Hoffmann's "Rat Krespel" (1819) tells of the eponymous half-mad violin-maker, his prima donna wife Angela who dies of consumption, their daughter Antonia and her lover, the composer and pianist B... Krespel separates the lovers lest the composer induces her to sing, thus triggering the consumption that Krespel fears she may have inherited from her mother. A Cremona violin, played with magical intensity by Krespel, takes the place of her voice.

The first movement, Dramatis personae, portrays Krespel and Antonia in particular, the latter represented by a literal quotation of her aria "Elle a fui, la tourterelle" from Offenbach's opera. Indeed the whole work might be seen as a set of variations on this melody, the intertwining perfect fifths of which I associate with the open strings of the violin.
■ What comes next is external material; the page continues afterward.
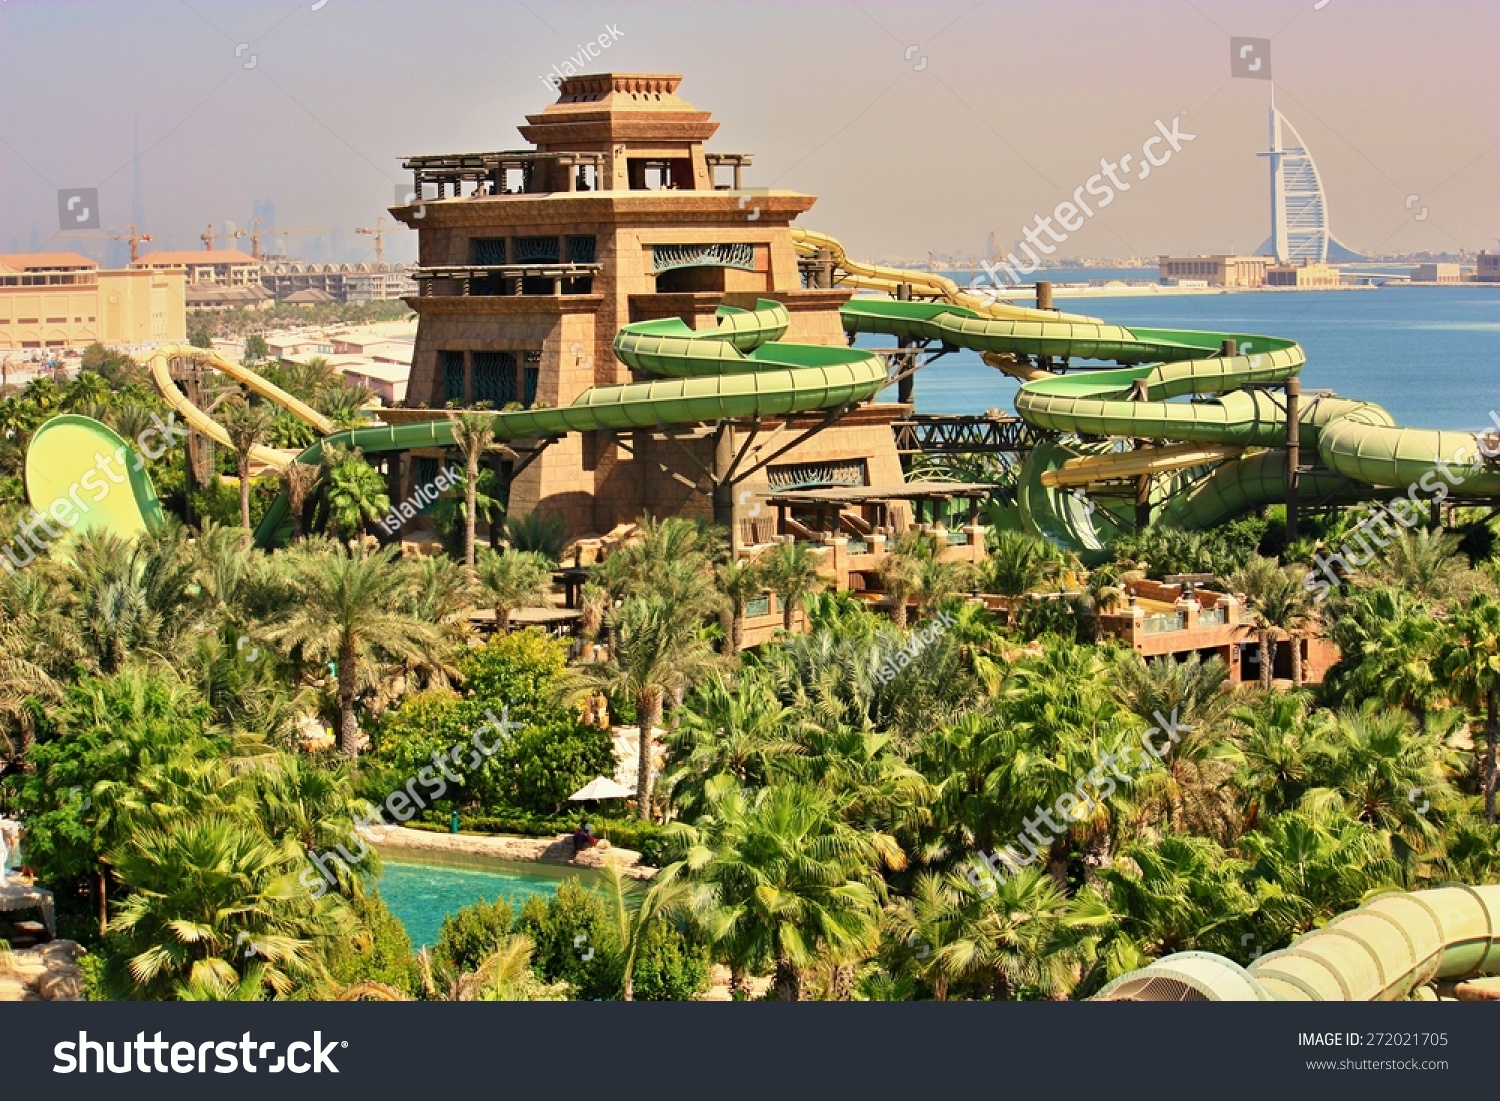 Dubai, Uae - October 21: The Aquaventure Waterpark Of ...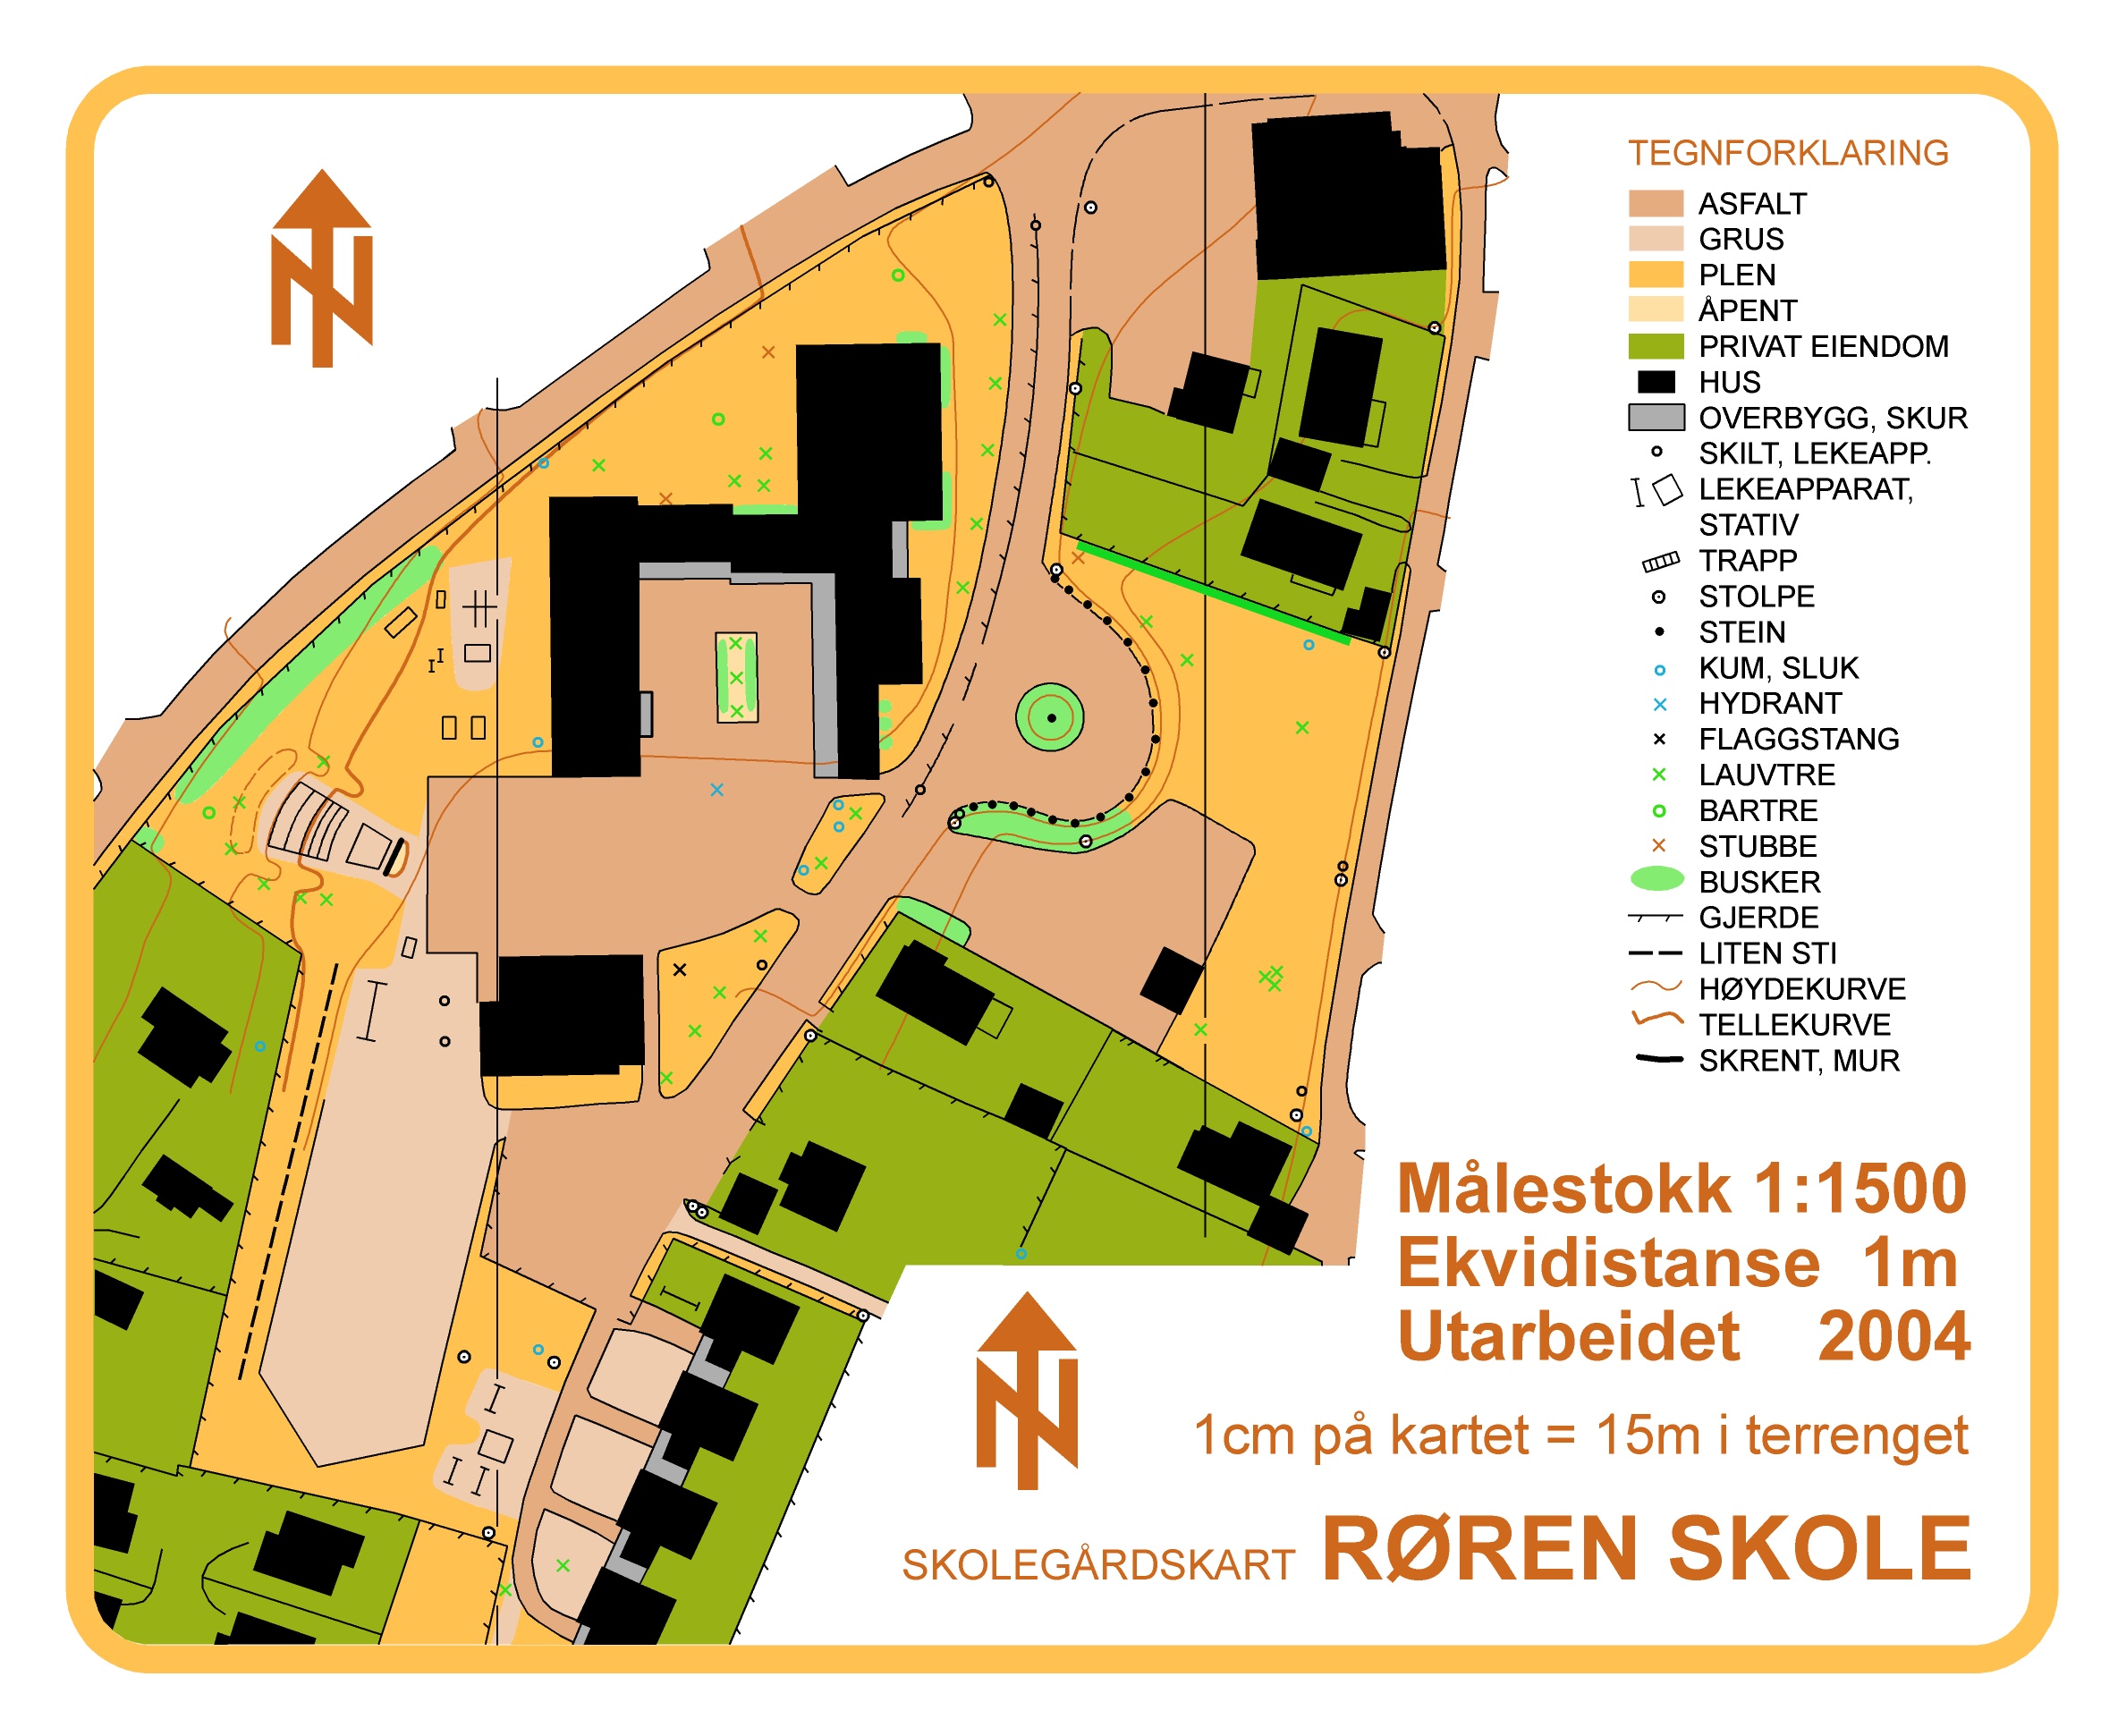 Røren skole (01.01.2004)

The second movement, Burial Scene, depicts Antonia's funeral and Krespel's outburst of grief-stricken madness.

The third movement, Carnivals, contrasts the frivolity of Venice and the vulgarity of Germany, combing the two in a collage through which Antonia's melody shines in the trumpet.

The fourth movement, Liebestod, evokes Krespel's mysterious vision of his daughter singing (alternately represented by solo violin and, again, trumpet) to the composer's accompaniment, both of them bathed in bright light. He bursts into her room and finds that she has died, in peace and alone. The work ends with a seemingly unambiguous closure rather atypical of my music, but appropriate in this context: "Krespel's Concerto", like its forerunner "Krespel", is a kaleidoscopic homage to 19th century romanticism - and to its death.